The relationship between asparagus agribusiness firms and the fundos is formalized in a contract. The company agrees to provide credit, technical assistance and inputs, and operates fixed pricing rules. The producers in turn promise to reserve all output for the company, following strict production guidelines, and to allow supervision by company technicians. The firms also buy asparagus from small farmers, but the latter do not enjoy the benefits of contracts and the price they receive is usually much lower as a result of quality differences. The great majority of small farmers cannot meet the requirements of quality asparagus production, because they lack managerial and technical expertise. The asparagus agro-industrial firms have a strong preference for contracting with large farmers because of monitoring costs and the capacity constraints of small farmers.

Interviews with the asparagus companies nevertheless revealed that they would like to increase production of asparagus on their own lands, obviously outside the contract system. This has recently been made possible by yet another institutional change: the law was recently overturned that had made it illegal for agro-industrial firms to own cropland and thus vertically integrate. This may subsequently undermine contract agriculture in one of the few places in Peru where it appears to have been functioning well (see Figueroa, 1996).

The advent of the asparagus agro-industry required and brought two institutional changes, the first leading to the second. The first change was in the institutions of grades and standards. The canned/bottled asparagus export market from Peru is highly demanding in terms of quality and safety standards with certification schemes by the Peruvian export association (Diaz, 1999).

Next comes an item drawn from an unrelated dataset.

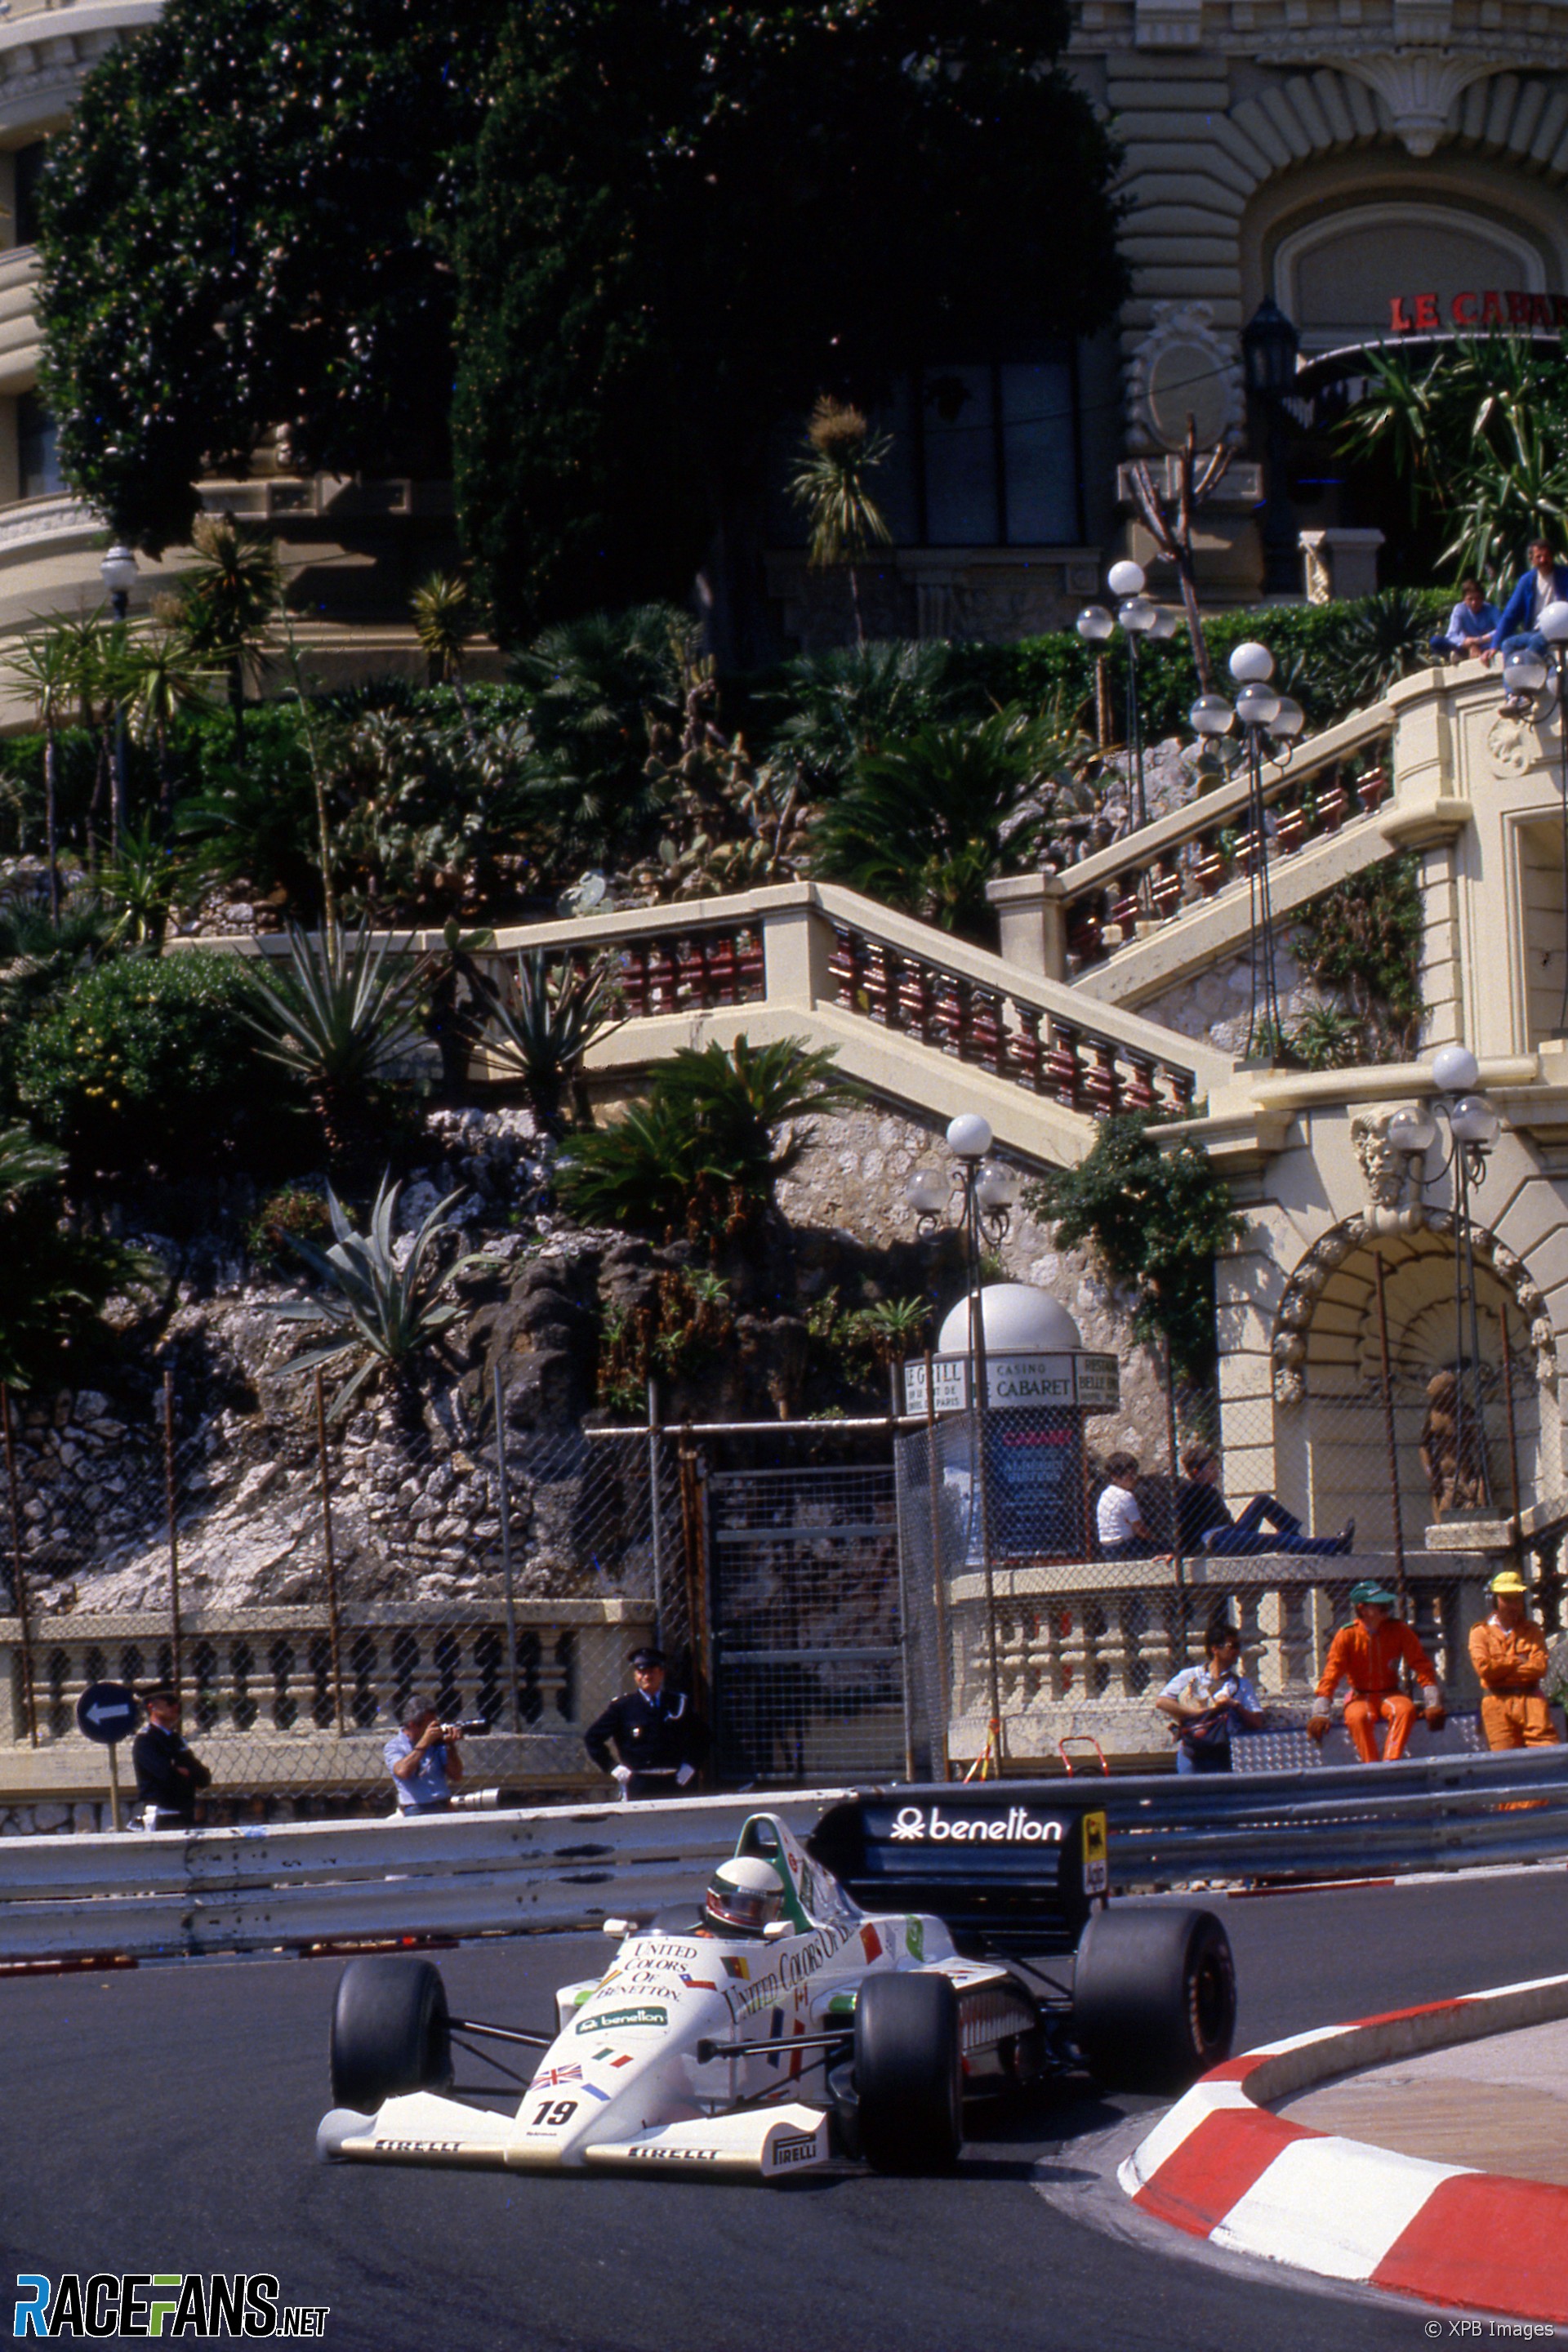 Teo Fabi, Toleman, Monaco, 1985

The second institutional change was driven by the stringent standards and technological and capital demands involved in asparagus production. The advent of participation in asparagus export brought with it the institutional change of requirements for stringent quality and safety standards, which in turn induced further institutional change in terms of emergence of agro-industry/farm contracts to assure compliance with the standards. These contracts had not previously existed in the Chincha valley because cotton, the dominant crop of the large farmers in the past, had not been produced and sold by contract.

Direct effects

The direct employment impact of agro-industrialization includes employment in participating farms resulting from changes in product composition, technology and scale of production, and employment in agro-industrial firms. These effects are conditioned by the extent to which agro-industrial firms outsource their intermediate inputs or produce their own, for example whether textile firms use imported cotton or buy local cotton, and by the technology and scale differences implied by these alternatives. The effects of cotton and asparagus agro-industrialization in Chincha and institutional change flowing from it are hypothesized as follows.

First, the shift in the past decade by large farmers from cotton to asparagus has among other things tended to reduce the demand for farm wage employment and for direct farm labour per unit of agro-industrial output. Asparagus production is only 25 percent as labour-intensive as cotton production; asparagus agro-industry favours links with large farmers rather than small farmers who tend to have higher labour/land ratios; the labour/output ratio in the cotton agro-industry is about twice that of the asparagus agro-industry.

Second, there is a counterbalancing increase in employment from the increase in small-farmer cotton production, because cotton is more labour-intensive than subsistence maize. The increase in profitability from the institutional innovation discussed above would magnify and sustain this increase.

Third, the two effects on employment act in opposite directions: asparagus agro-industrialization and institutional change imply a drop in local employment, whereas there is an increase in the case of cotton. A rough calculation suggests nonetheless that net aggregate effects are probably negative regarding incomes of small farmers, with a drop of about 8-9 percent; the potential drop was substantially buffered, however, by the endogenous institutional innovation in cotton. The reasoning for this is shown in the following two steps.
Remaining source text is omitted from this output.